Two things around that time which changed me. The first was discovering the magic of bread making, something about creating something from flour, water and salt and turning it into a nourishing and delightful loaf of bread just got me. The trials and errors, the challenges of understanding all the different elements required for this strange alchemy to work. The failures, the constant re-evaluation and improvement again and again and again in search of that perfect loaf. The feeling as your souls sails opening the oven door to see the thing you created, the smell, the taste, the feeling of the hot curst cracking in your fingers as you gently press it. The sound of the loaf quietly cackling as it cools. Each loaf different, each loaf unique, never to be repeated, each bread with it’s own gnarly identity. The simple yet deeply complex flavour of the bread itself and the stories of the flours and the grains that made it possible, created to nourish and feed us.

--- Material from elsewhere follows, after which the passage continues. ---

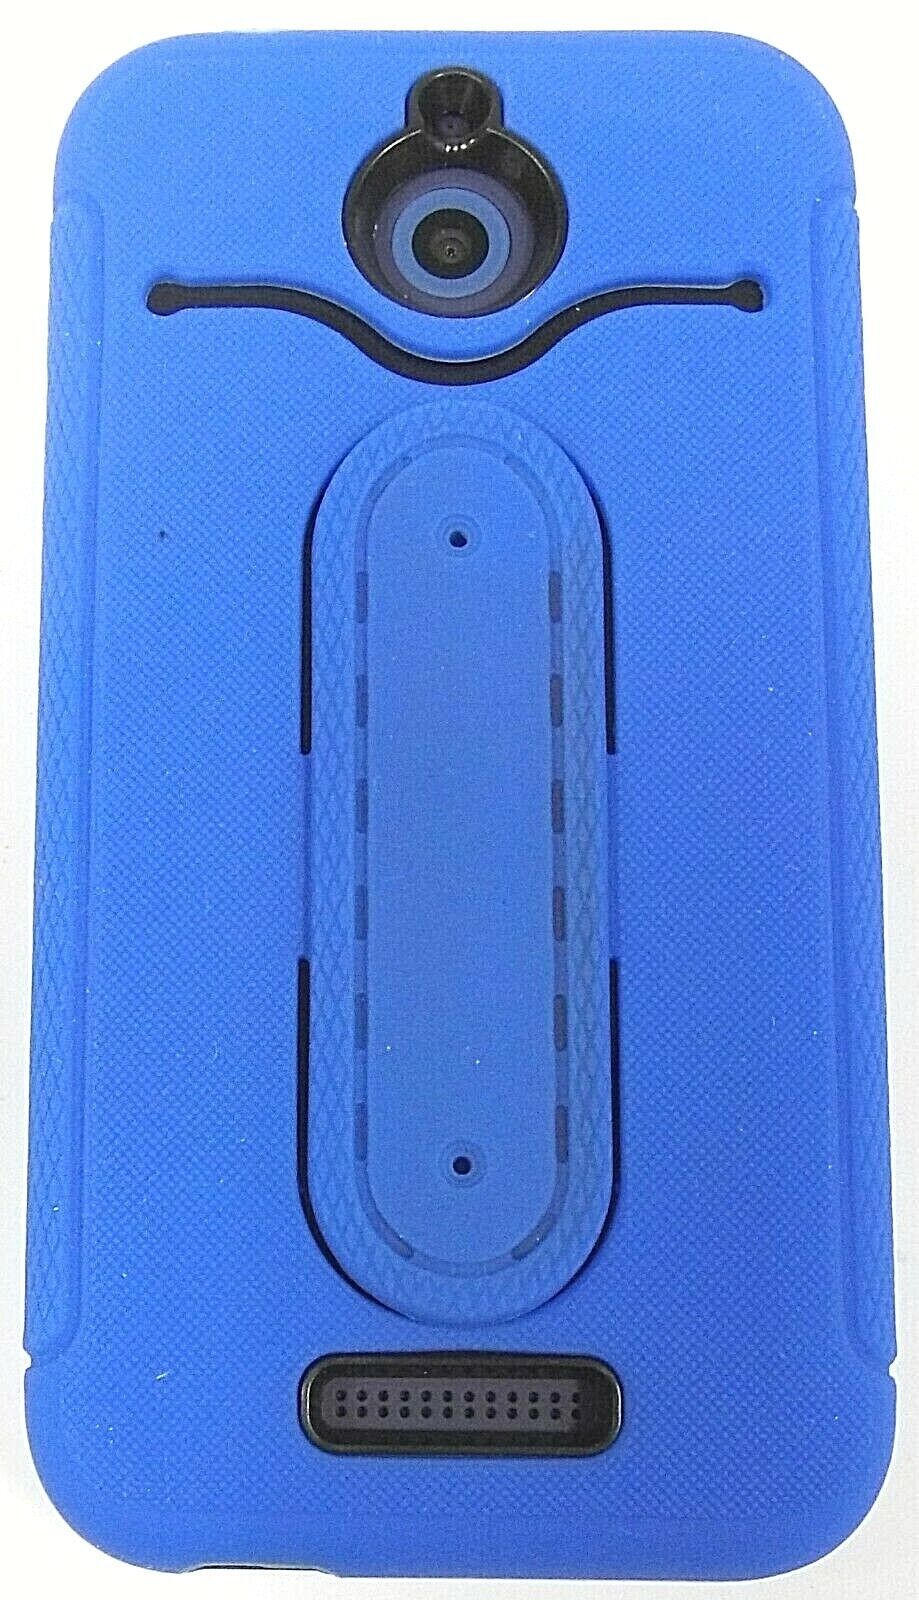 HTC Desire 510 - Deep Navy Blue ( Sprint ) Android Smartphone - Bundled HTC HTC Desire 510 - фотография #5

The second change was a growing understanding of me, my psychology, my past and my place on this planet. The realisation of my own mortality and my life ahead not yet lived. What did I want that future to be? How did I want to fill the time I have left on this planet?


It took another 4 years to find a way to move from the corporate world and into my new skin. But I managed to do that in 2024. I remember the deep delight and feeling of joy I got when I first started to say with belief that I was a Baker, it just felt right in so many ways.


My core goal now is to help others make great bread and re-learn simple bread making skills which last a lifetime. Somewhere along the way in the modern world we have forgotten so much, I want to help people rediscover the joy in bread making the way I did. I can’t promise it will change your life as fundamentally as it did mine, but maybe there are others out there, like me, who have a desire to reconnect to a craft or indeed to come back home in someway to themselves.